Селия не согласилась с тем, что «Литтонс» может себе позволить такие траты, но решила, что Себастьян прав и ей стоит уступить.
Джеймс Шарп вернулся на работу и поминутно выводил Селию из себя. Его работы, выполненные в старых традициях книжного оформления и иллюстрирования, были неоригинальны, он неохотно использовал новые гарнитуры, а если Селия предлагала ему поэкспериментировать, Джеймс отвечал: «Раньше мы никогда так не делали». Все это было очень печально, и Селия чувствовала обиду за Джилл. Если до войны идеи Джеймса не вызывали у Селии такого неприятия, то за время войны они безнадежно устарели. Однако, набравшись терпения, она часами простаивала возле доски Джеймса, восхищаясь его работой, расхваливая его идеи, а потом с легким чувством вины, словно на свидание к любовнику, шла в студию Джилл, чтобы поговорить с ней о других, более важных книгах.

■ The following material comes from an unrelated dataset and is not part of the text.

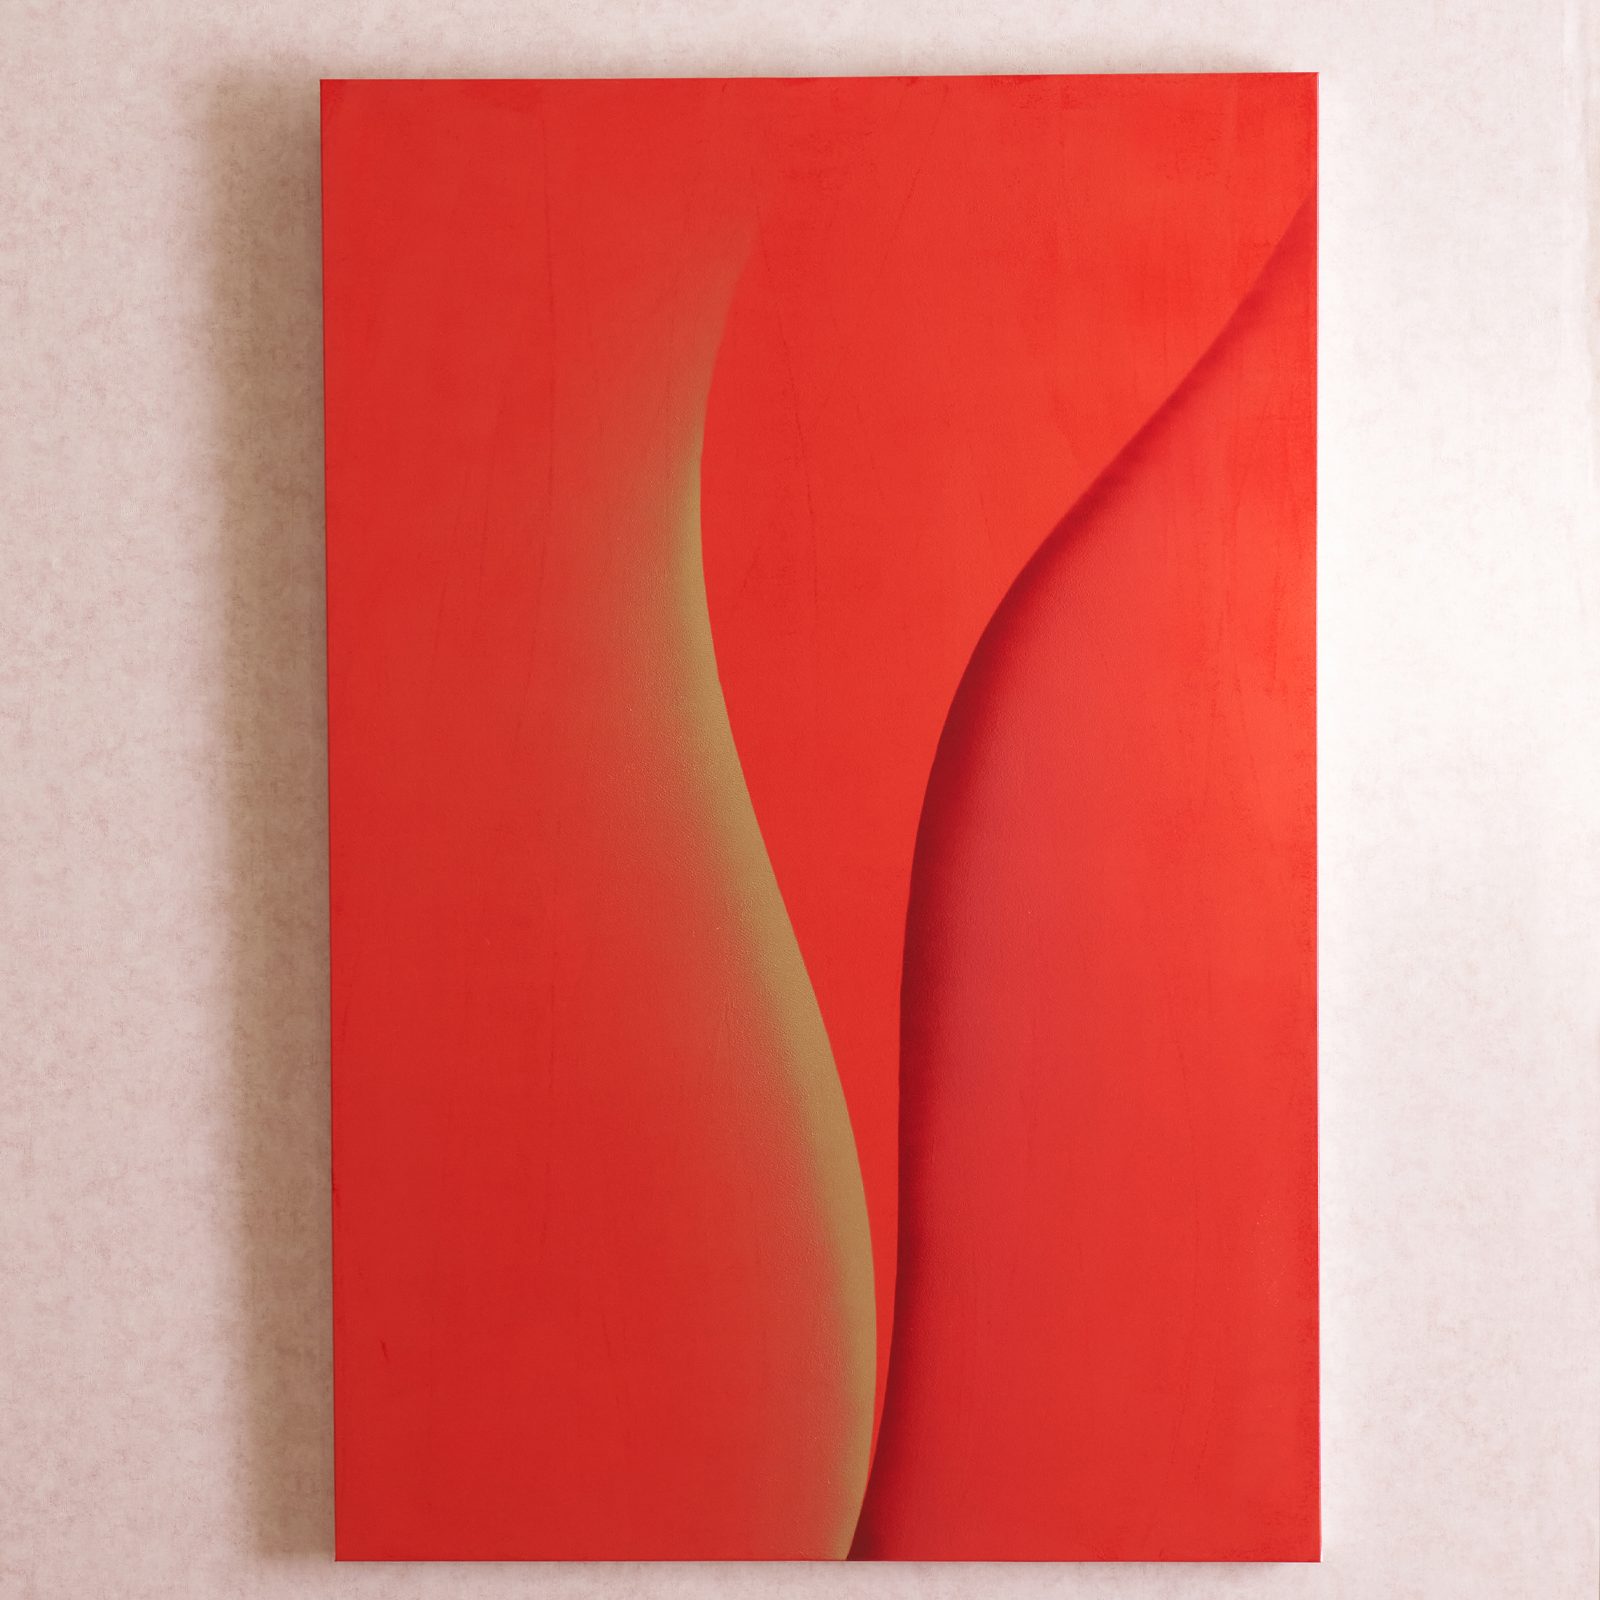 Red Portal V acrilyc canva painting_Veronica Mar_1800 x 1600

Визиты к Джилл постепенно становились прикрытием ее встреч с другим, уже настоящим любовником. В общем, как и всегда в ее жизни, любовь и работа переплетались между собой в неразрывное целое.
Все издательство суетилось в связи с подготовкой к публикации «Меридиана». Даже Оливер, поначалу раздраженный суматохой вокруг него и неким ощущением ревности, которое он тщательно загонял внутрь, признавал, что ему досталась выдающаяся книга, чувствуя, что это приобретение Селии во многом поможет «Литтонс» вернуть былую славу престижного издательства. Это, безусловно, была книга для детей, но, подобно «Алисе в Стране чудес», она точно так же вызывала восхищение взрослых, о книге должны заговорить и пожелать ее приобрести. Прогнозы были очень благоприятные. Заказ на печать весьма значителен: семь тысяч экземпляров, и три тысячи или еще больше нужно было отправить в колонии — в Индию, Южную Африку, Австралию. Цену на книгу установили немалую — семь шиллингов шесть пенсов.
Цену предложила ММ еще до того, как ушла из «Литтонс».
— Я знаю, — сказала она, — что это большие деньги, но книга будет прекрасно издана, хорошо иллюстрирована, причем в цвете и на превосходной бумаге. Мне кажется, она пойдет.
Оливер, всегда с большей готовностью уступавший ММ, нежели жене, согласился. Селия не могла понять, что она при этом почувствовала — благодарность или раздражение.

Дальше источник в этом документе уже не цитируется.